Probabilistic Modeling of Middle English Scribal Orthographies

Jacob Thaisen

With the Norman Conquest of 1066 written English ceased to be employed for administrative and other official purposes, and the normative spelling conventions established for the West Saxon variety of Old English fell into disuse. When the language eventually regained these crucial domains around three centuries later, a norm for how to spell English no longer existed. The only models available to scribes were the practices of other languages known to them or, increasingly as English strengthened its position, the conventions adopted in the exemplars from which they copied. As a result of the interaction of all these factors, Middle English—the English of the period from the Battle of Hastings to Caxton's introduction of printing from movable type in 1476—is characterized by considerable variation in spelling, even within the output of a single individual. There is nothing at all unusual about one and the same scribe of this period representing one and the same word in more than one way, including very frequent words such as the definite article and conjunctions. Moreover, scribes could use the variability to their advantage in carrying out the copying task, for example, to adjust the length of lines or speed up the copying process.

The variability of Middle English orthography means it would be misguided to assume that two texts penned by a single scribe necessarily follow, or should follow, identical spelling conventions. They are much more likely to exhibit variation within bounds. Any stylometric attribution of Middle English texts to a single scribe or of portions of a text in a single scribal hand to different exemplars on the basis of spelling must take this nature of the evidence into account. The probabilistic methods known from statistically-based machine translation, spell-checking, optical character recognition, and other natural language processing applications are specifically designed to recognize patterns in "messy" data and generalize on the basis of them. It is the purpose of this paper to demonstrate that this property of these methods makes them adequate stylometric discriminators of unique orthographies.

The methodologies developed in connection with the preparation of A Linguistic Atlas of Late Medieval English (McIntosh, Samuels, et al. 1986) separate unique orthographies by manual and predominantly qualitative means; if quantitative data are collected at all, they are subjected only to simple statistical tests. Since texts differ lexically, they are not readily comparable in all respects. The Atlas solution is to generate comparability by restricting the investigation to the subset of the respective lexicons of the various texts they may reasonably be expected to share, such as function words. Spelling forms for these words are collected from samples of the texts by selective questionnaire and any pattern present in their distribution detected by visual inspection. The forms are further often analyzed by reference to known dialect markers. The latter translates as the researcher relating the forms to phonological and morphological variables, although there is recognition in the dialectological literature that geographic significance too may characterize other levels of language.

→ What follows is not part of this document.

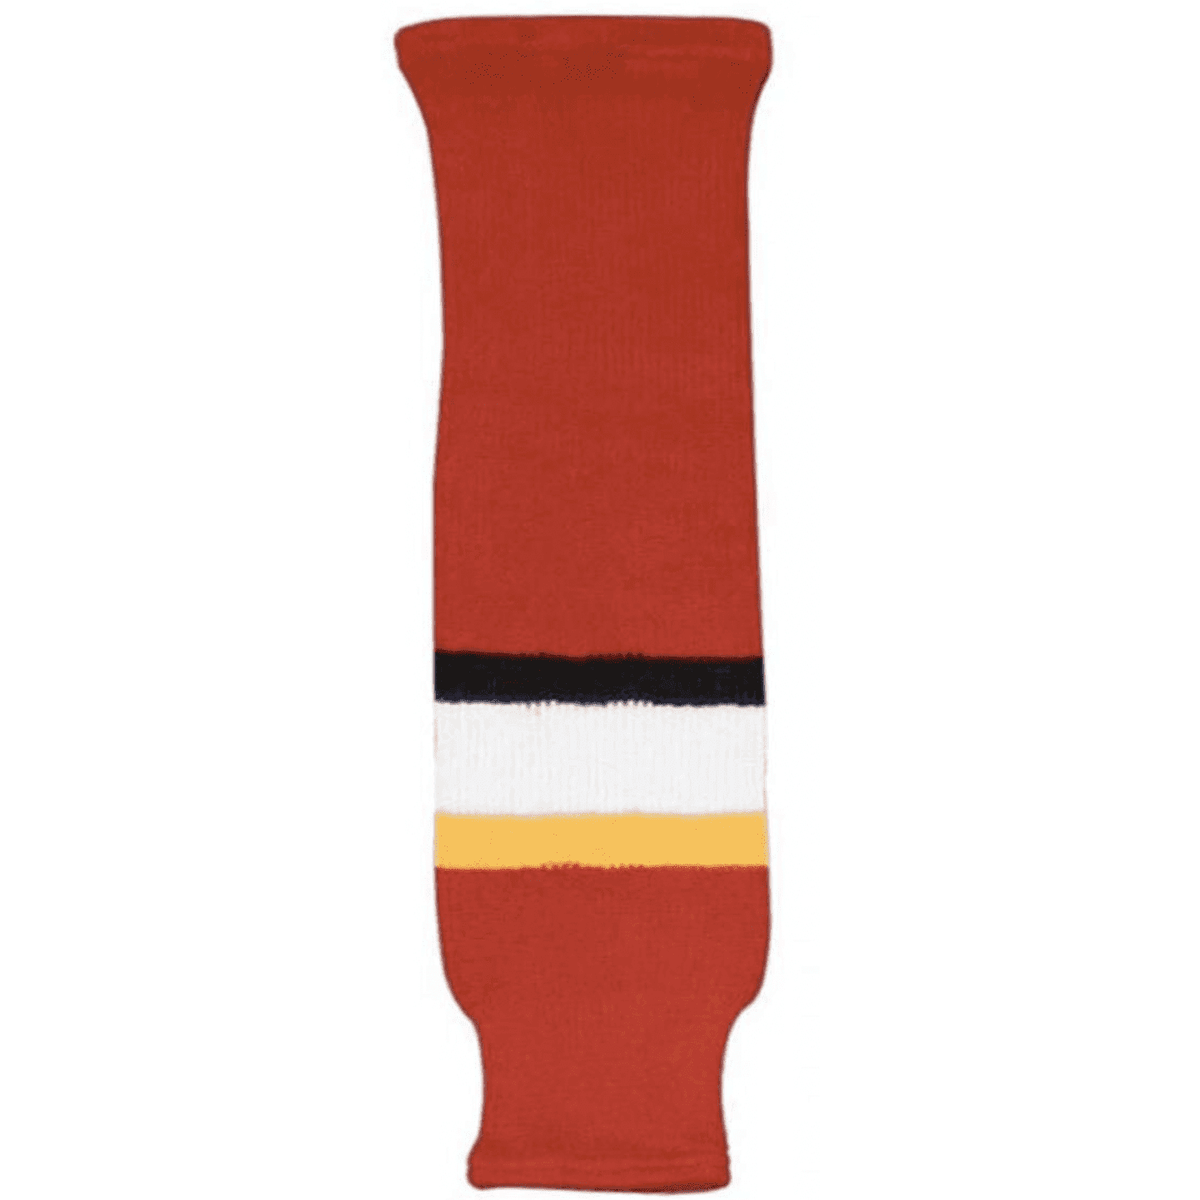 Calgary Flames Knitted Hockey Socks - Senior

However, it is now practically feasible to estimate the full orthography of which a given text is a sample by building probabilistic models. The reason is that recent years have witnessed an increase in the amount of diplomatically transcribed manuscript materials available in digital form, which makes it possible to abandon the qualitative focus. Scholars are already subjecting the lexical variation present in similar materials to sophisticated computer-assisted quantitative analysis (Robinson 1997, van Dalen-Oskam and van Zundert 2007). Their studies point the way forward.

The building blocks of Middle English orthographies are not individual letters but sequences of letters of varying length which, further, combine with one another in specific ways, with phonograms, morphograms, and logograms existing side by side. Every Middle English orthography has a slightly different set of building blocks, making n-gram models a good type of probabilistic model for capturing the distinct properties of each. Such a model is simply an exhaustive listing of grams (letters and letter sequences), each with its own probability and weight.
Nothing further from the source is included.